In January, PovertyCure noted the real problems with international "aid" in Haiti. The problems haven't gotten any better. Julie Walz and Vijaya Ramachandran from the Center for Global Development reinforce the fact that NGOs and international aid are doing next to nothing to improve the situation in the poorest country in the Western Hemisphere. They state: The $9 billion that was disbursed to NGOs and other intermediaries in a period of twenty-seven months has been spent largely without consultation of local Haitians.  Almost no one we interviewed had been contacted by members of the foreign assistance community to discuss local needs. Perhaps most disheartening is this:

We repeatedly heard stories about the unintended economic and social consequences of the influx of foreign workers.  Housing costs in certain areas have skyrocketed – rentals easily go for over $30,000 per year, with some houses being rented for a lot more. Restaurants and supermarkets in certain areas of Petion-ville cater exclusively to foreign tastes, and prices of basic goods have been driven up to a level that even middle-class Haitians cannot afford.  Social norms and practices have been impacted as well.  We heard stories about how houses built by NGOs after the quake were not appropriate for most Haitian families–tradition dictates a partition in the house, no matter how small, but the new homes did not have these.  Rumors that access to temporary tents meant access to permanent housing in the long term caused families to split up, sometimes with disastrous social consequences.  The leader of a small, grassroots NGO explained to us that he now has difficulty drawing people to meetings and outreach unless he provides food or compensation for participants, like the foreign NGOs do.  The Haitian concept of “konbit” (working the land of other farmers as part of the community) has been challenged as foreign NGOs have started to pay farmers on an individual basis for soil-conservation and community farming.  One of our interviewees pointed out to us, gently, that some NGOs are “slowly destroying the fabric of Haitian society.” (Emphasis added.)
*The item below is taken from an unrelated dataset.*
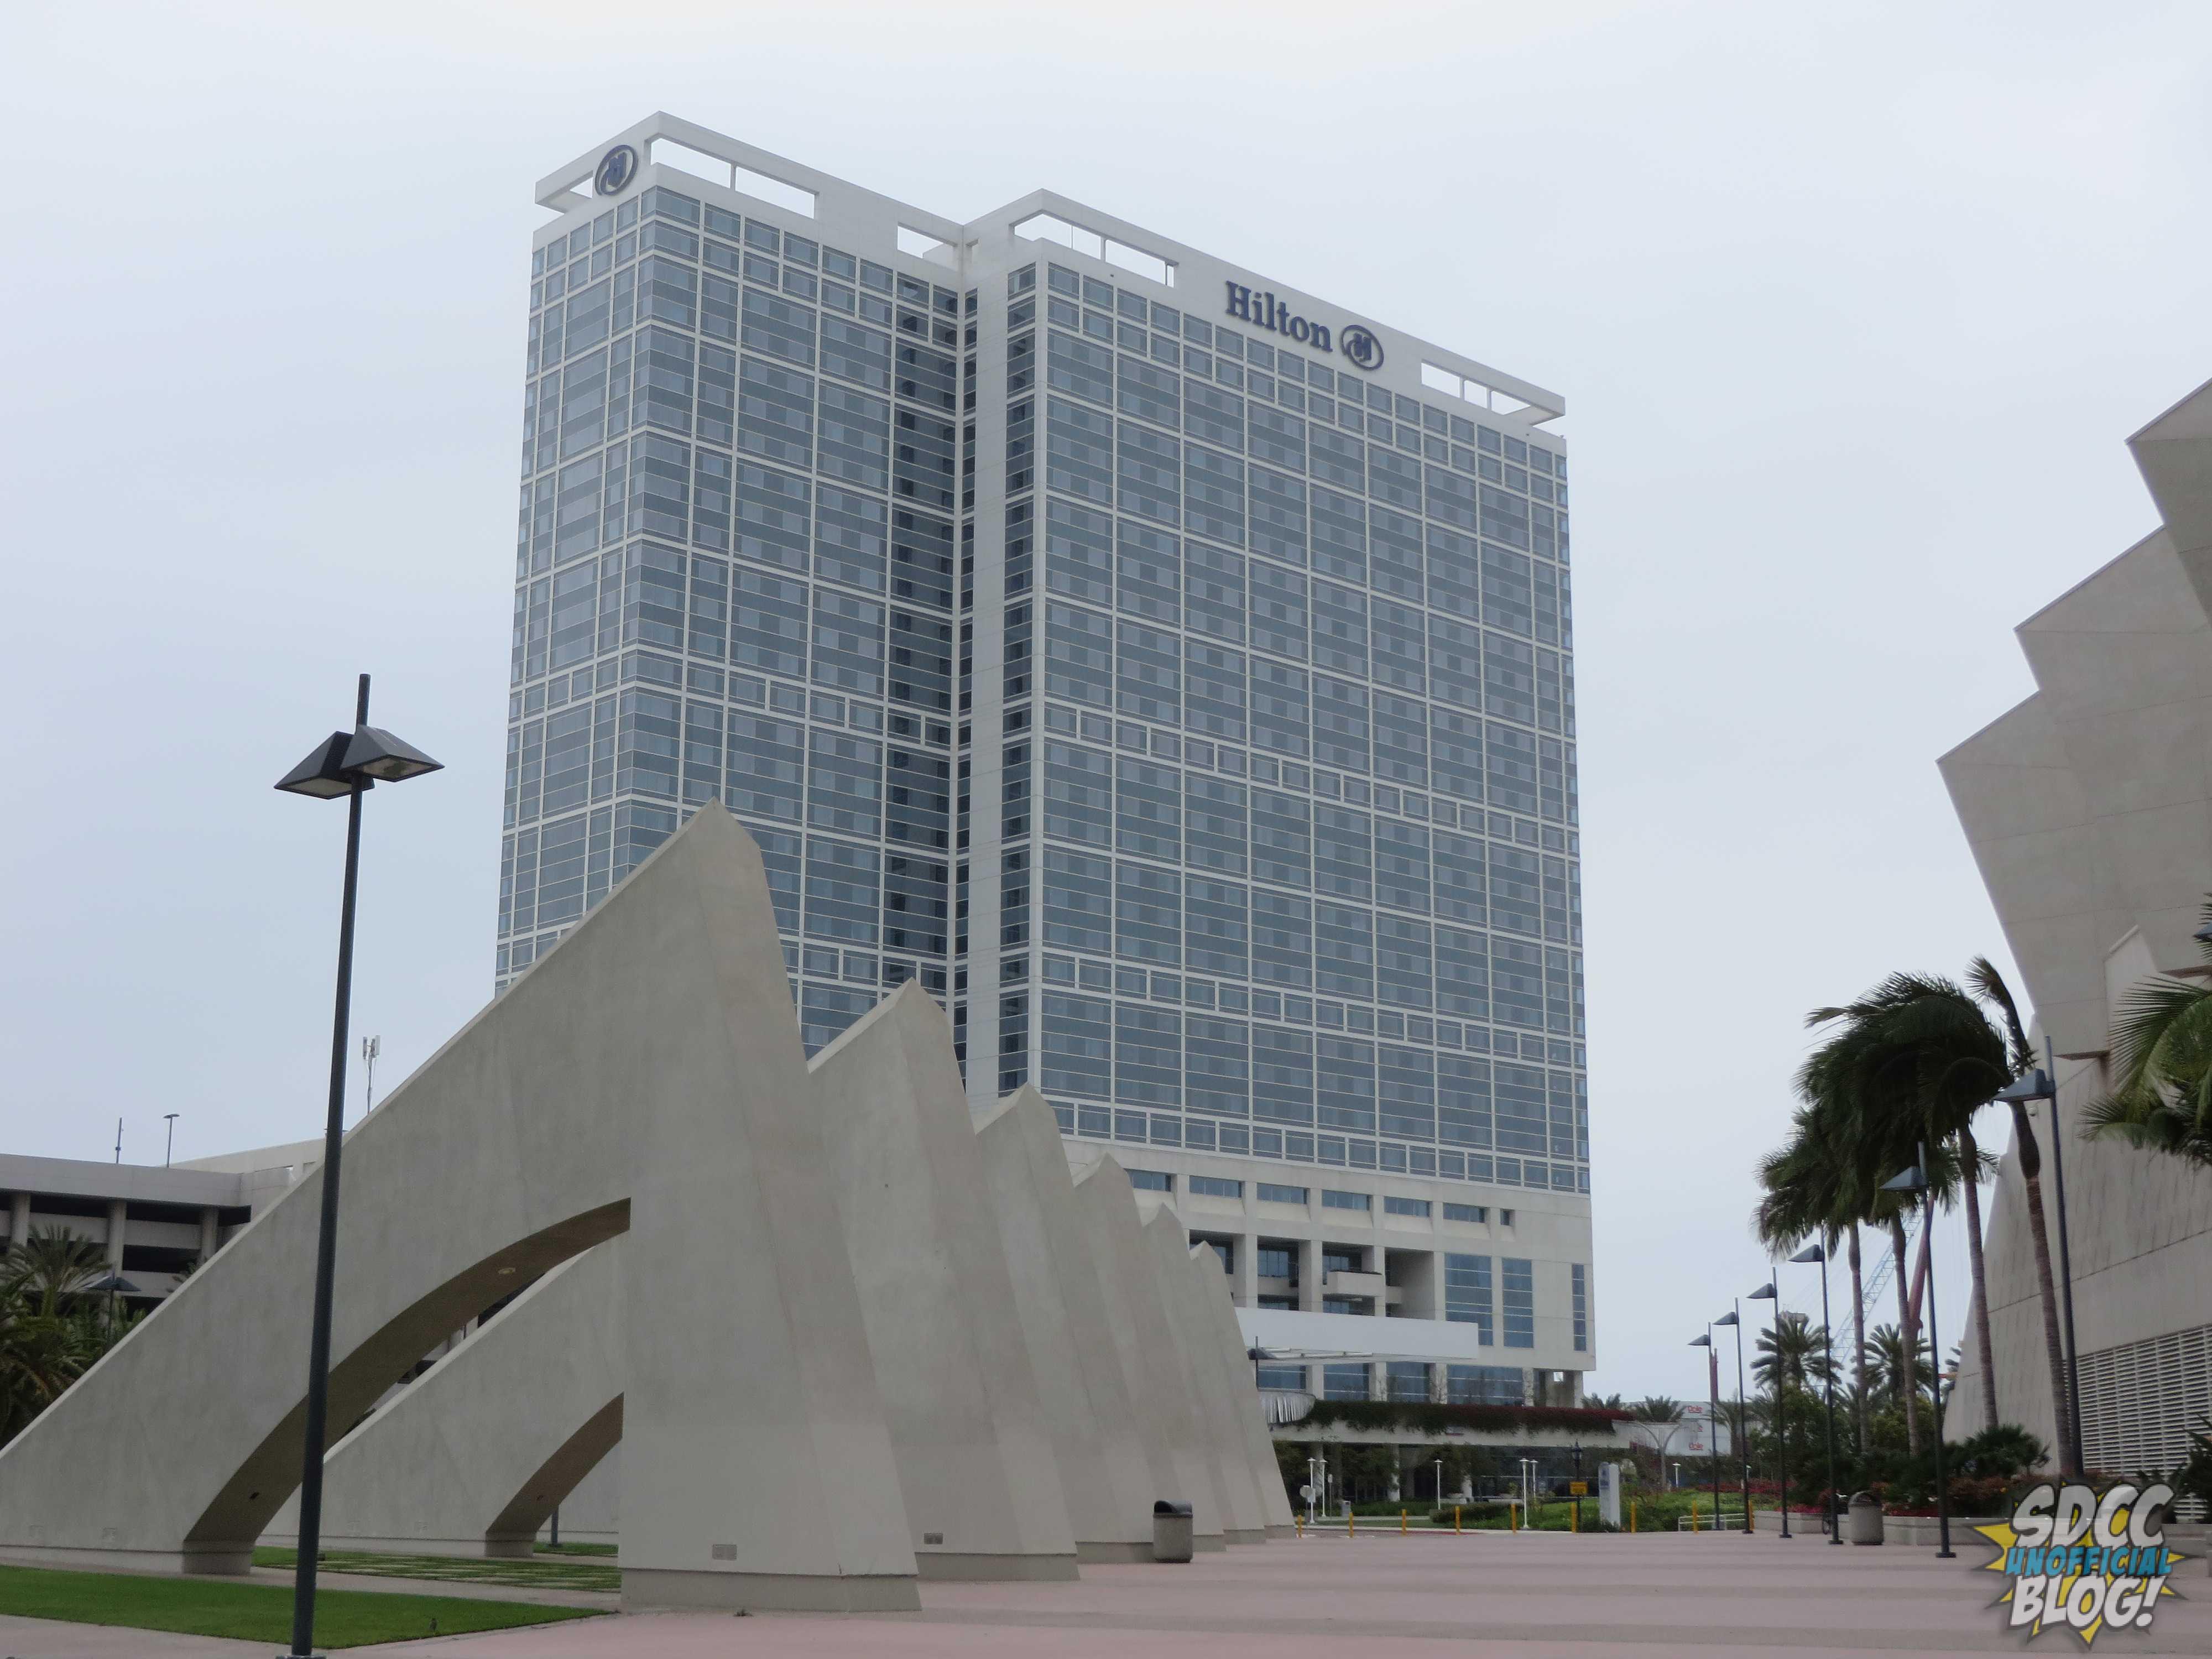 hilton bayfront hotel

The international aid machine seems to run on the mantra of "do the same thing over and over, but expect different result": little or no consultation with locals, catering to foreign workers and not focusing on local needs, and tearing apart the most fundamental unit of society - the family - but somehow expecting economic recovery. The underlying assumption of this whole enterprise is, "The poor of Haiti (or any other developing country) can't handle things themselves; we need to step in and do it for them."

Peter Greer, of Hope International addressed this topic succinctly:

Doing the long-term development, helping people provide for their own needs, is not a quick fix. The easiest thing to do is to have an abundance of things, and to give it away, and that’s going to make a difference for today. It’s much more difficult to work with that family, help them get on their feet, help them provide for their own needs. That doesn’t happen with a light switch. It doesn’t happen by just giving them something. It happens through relationship, it happens through long-term investment of time and resources to build up individuals, so that they can take care of their own needs and take care of their own families.

It is time to help Haiti: not by creating more "quick fixes", but by truly partnering with the men and women of that nation to help them provide for themselves.